A prominent rental activist is tomorrow going to tell a House of Lords committee about the need to regulate letting agents.
Conor O’Shea – policy and public affairs manager at the Generation Rent group – is giving evidence to the House of Lords Industry and Regulators Committee’s inquiry into the regulation of property agents.
This is tomorrow, beginning at 10.30am.
The inquiry will examine the current approach to regulation of property agents in the residential sector, and in particular whether there should be a new regulator of property agents.
O’Shea will be followed by Sebastian O’Kelly, the respected chief executive of the Leasehold Knowledge Partnership.
The committee is chaired by veteran Labour peer Baroness Taylor of Bolton who, as Ann Taylor, served for four years in the Cabinet in the first Blair government starting in 1997.
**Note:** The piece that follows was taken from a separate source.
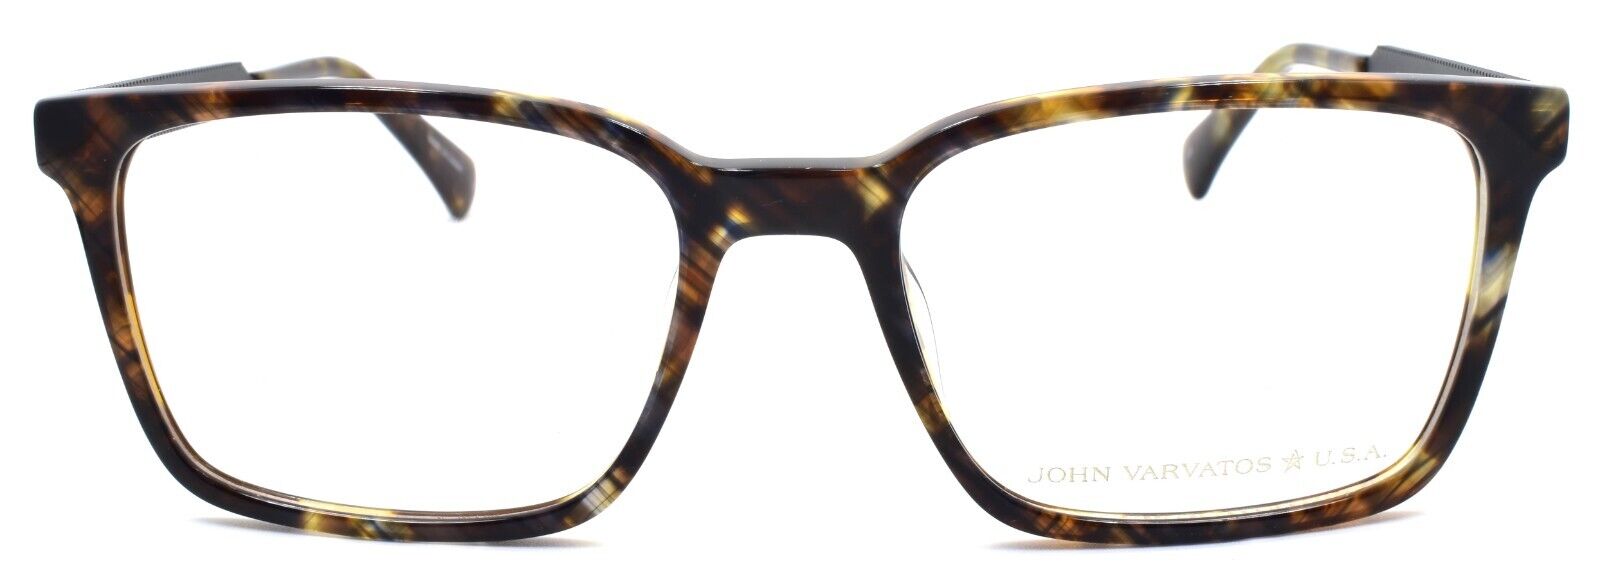 2-John Varvatos VJVC004 Men's Eyeglasses Frames 53-18-145 Brown-751286356137-IKSpecs

The committee says possible questions to their pair will include what are the key challenges facing tenants when dealing with letting agents? And how easy is it currently for tenants and leaseholders to complain about property agents? And would a regulator of property agents be able to deal with the challenges tenants and leaseholders face with property agents? And would you support a code of practice that agents would have to sign up to as a condition of their license to practice?
Back in 2019 the Working Group on the Regulation of Property Agents, which was established by the government, recommended the establishment of a new independent regulator in the sector. However, the government has not yet responded to this proposal.